The irony is that baseball score keeping is a pitch right in the wheelhouse of a younger generation, a generation that documents everything, usually with a cellphone. It’s a different way of taking pictures.
A commenter on the NPR blog captures the sentiment perfectly:
I have hand-written journals from my past that are like little time machines. That’s one way of keeping score. And it’s their imperfect nature that gives them character: the dog-eared pages, the changes in the slant and shape of the letters that reflect my mood at the time, a picture drawn in the margin, the wine and food stains.
I suppose I could have a nicely styled digital version, a blog or some such, but it would never ‘keep score’ with the same depth and breadth of my manual scribblings.

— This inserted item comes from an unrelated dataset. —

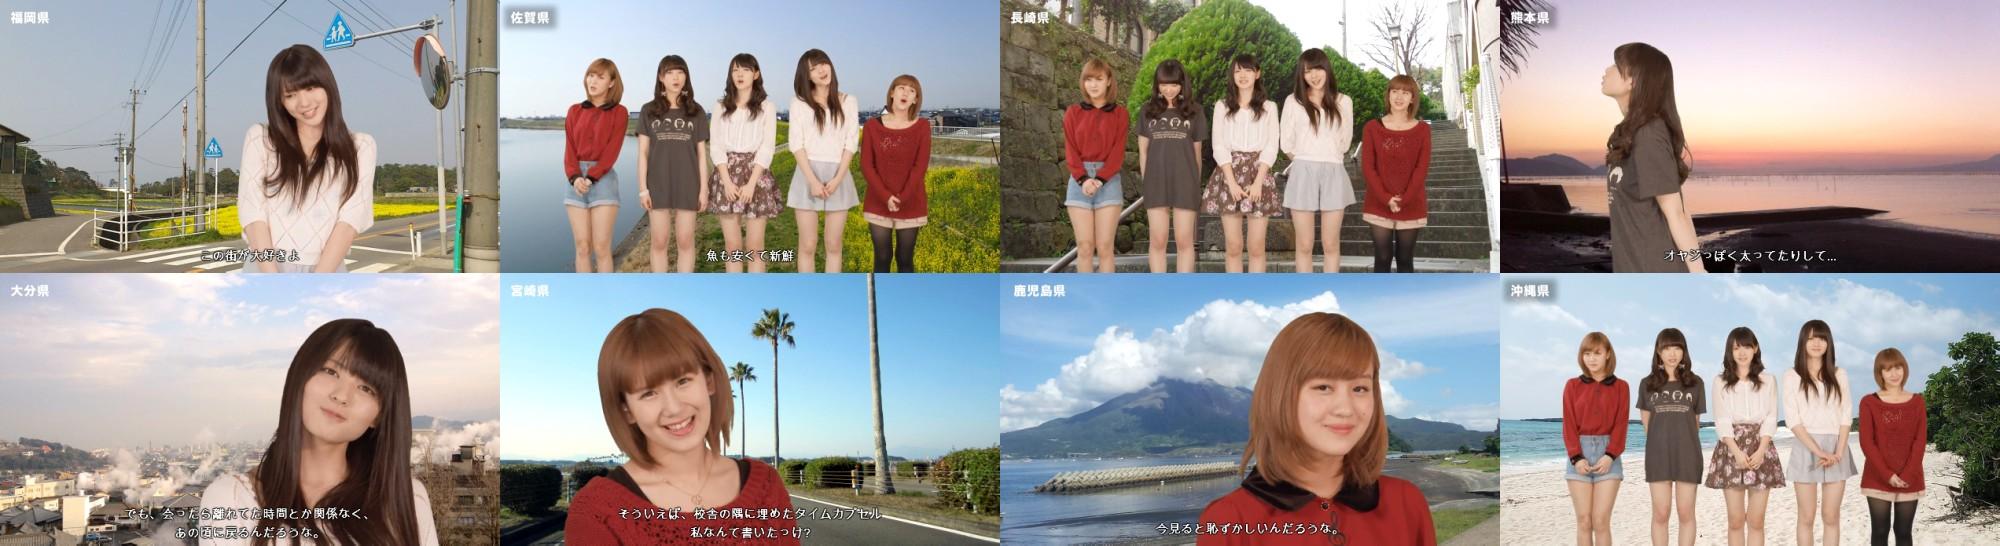 九州と沖縄地方

I also find it fascinating to read them years later and realize how much the past has changed, and keeps changing.
Today, I went to the Depository of All Things Important But Rarely Seen — the closet in the den — and dug around until I found these four scorecards I’d forgotten I had: Shea Stadium in 1985, Busch Stadium in St. Louis in 1994, Jacob’s Field in Cleveland in 1994, and the Metrodome in 1994.
Why I saved them, I don’t know, but each provided a unique snapshot of a moment for which I had no pictures.
July 24, 1985 was a day off for me when I worked in New York. It was a Thursday and the Mets had senior citizen discount day games on Thursdays back then. The scorecard reveals Pete Rose was playing. It was the last season in which he’d appear in more than 100 games. It also reveals the game was pretty dull, since I started sketching Shea Stadium. That must be the “art” Reusse was talking about.
The Twins-Indians game at the Dome in April ’94. The scorecard says I sat in Section 134. Row 1. Seats 3 & 4. Metrodome fans will recognize the location as the Twins bullpen:
The notes in the Coke logos reveal I was much more descriptive than I usually was (click image to enlarge). Kirby Puckett’s hitting streak ended at 22 that day, I noted. But you know what I remember? My son dropping his baseball glove into the Twins’ bullpen. Don’t ask me why. That’s baseball.
This game between the Pirates and Cardinals was my first exposure to St. Louis baseball, a baseball town like no other. The scorecard says I was in town for a conference of investigative reporters. But the scoring stops in the 7th inning.
The game was delayed by rain — lightning really. I was sitting in the last row at the very top of the old Busch Stadium when the lightning bolt hit not far away. The players ran off the field, the 42,000 people scurried for cover. I stayed after thinking, “I can’t think of a better way to go than being hit by lightning at a baseball game.” I should’ve written that down.
And this one from Jacob’s Field brought back particular memories. We had moved to Minnesota just two years earlier and we were driving back to Massachusetts, stopping first to see the new ballpark in Cleveland and meet other fans I’d met online (this was the early days of the web). I wrote that we sat in Section 255 Row U, Seats 1-4, a skyview spot to watch the ascension of one franchise, and the pitiful decline of another.
A few weeks after this game, baseball went on strike and the season was never completed.
But there was something more significant to this game. It was the last time I ever bought a scorecard and kept score at a baseball game.